Considering all the above-mentioned reports, in an attempt to extend the study of the BAI1 effects on human tumours, we checked the expression of this gene in pancreatic and colon cancer. In addition, we have investigated the interrelation between the presence of BAI1 and human pancreatic tumour development, associated very frequently with p53 mutation. To this end, BAI1 expression was first checked the in nine human pancreatic cell lines, all of which present the loss of p53 integrity, and also in tumour tissue samples from 14 patients. Furthermore, by means of RT–PCR, we evaluated the changes in proteolytic balance and endothelial cell mitogens incurred by the BAI1 gene transfection in tumour cells. For the in vivo models, we transfected BAI1 or the LacZ gene into a human pancreatic adenocarcinoma cell line (Panc-1) by means of adenoviral-mediated transfer. Subcutaneous and skin chamber growth of wild-type and transfected tumour cells were observed and measured. We have analyzed visually the early human tumour angiogenesis with our transparent chamber model in immunodeficient mice. In short, this is the first report detailing the inhibitory effect of BAI1 on a human tumour as applied by gene therapy.

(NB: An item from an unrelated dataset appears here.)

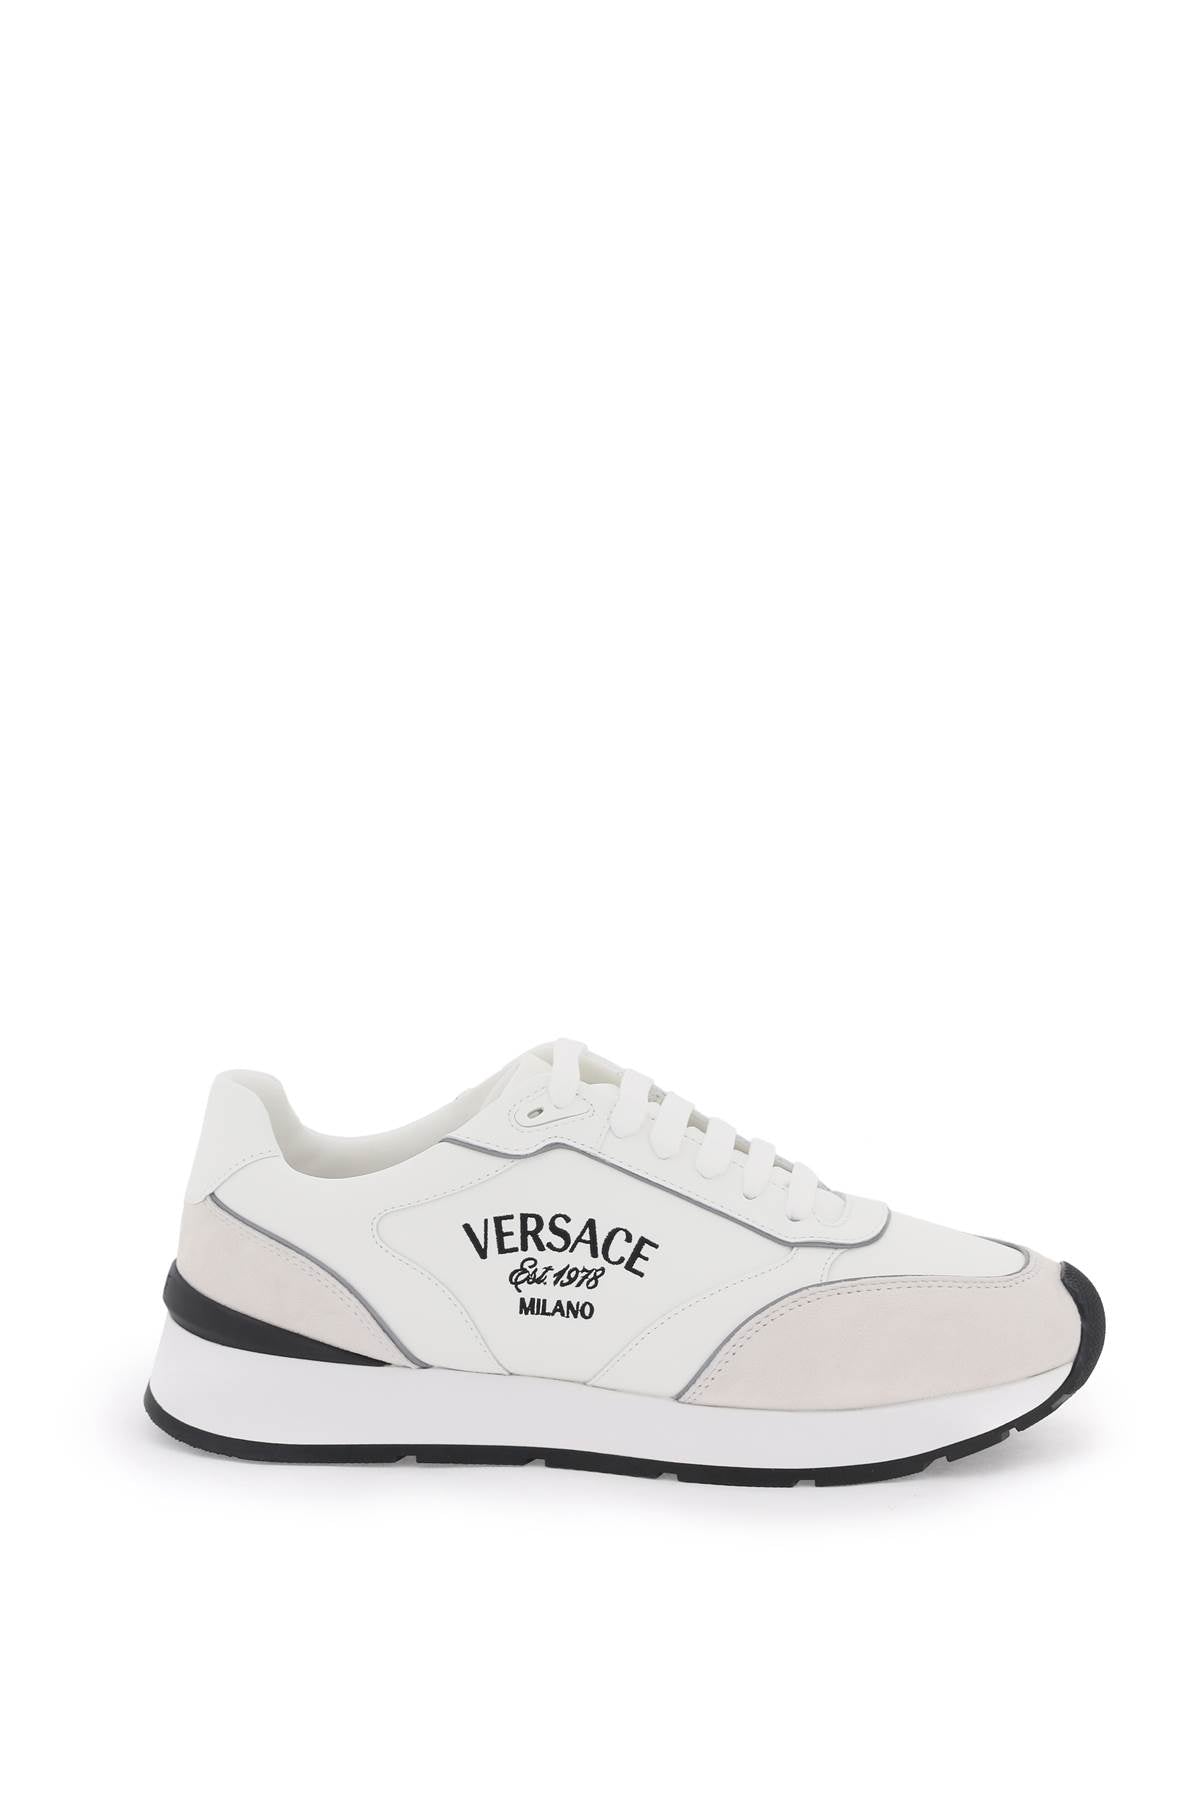 Versace milano runner sneakers-0

In order to check the expression of BAI1 we used six well-known human pancreatic adenocarcinoma cell lines (Panc-1, MiaPaCa2, AsPC-1, BxPC3, PCI35 and Su.Su.86), three cell lines established in our department (PK-1, PK-8, and PK-9, Kobari et al, 1986), and two widely-known colon cancer cell lines (T-84 and HT-29). Panc-1, MiaPaCa2, and T-84 cells were maintained in DMEM (Gibco, Tokyo, Japan) with glucose, the others in RPMI 1640 (Gibco, Tokyo, Japan), except for HT-29 cells that were cultured in McCoy's 5 A medium (Gibco, Tokyo, Japan). Finally, human umbilical vein endothelial cells (HUVEC), cultured in 200S medium (Kurabo, Tokyo, Japan) were used for in vitro experiments. All culture media were supplemented with 10% foetal calf serum, 100Uml−1 penicillin and 0.1mgml−1 streptomycin and cells were kept in a humidified 5% CO2 atmosphere at 37°C. Gene transfer in Panc-1 cells was achieved using replication-deficient recombinant adenoviral vectors encoding the full length cDNA of BAI1, p53 or LacZ, at a multiplicity of infection (MOI) of 10 for 36h, as described (Nishizaki et al, 1999). The p53 transfection was performed also for two colon cancer cell lines. HUVECs were infected with adenoviruses encoding BAI1 or LacZ. The reporter gene transfer efficiency was assessed using beta-galactosidase staining, described elsewhere (Jiao et al, 1993).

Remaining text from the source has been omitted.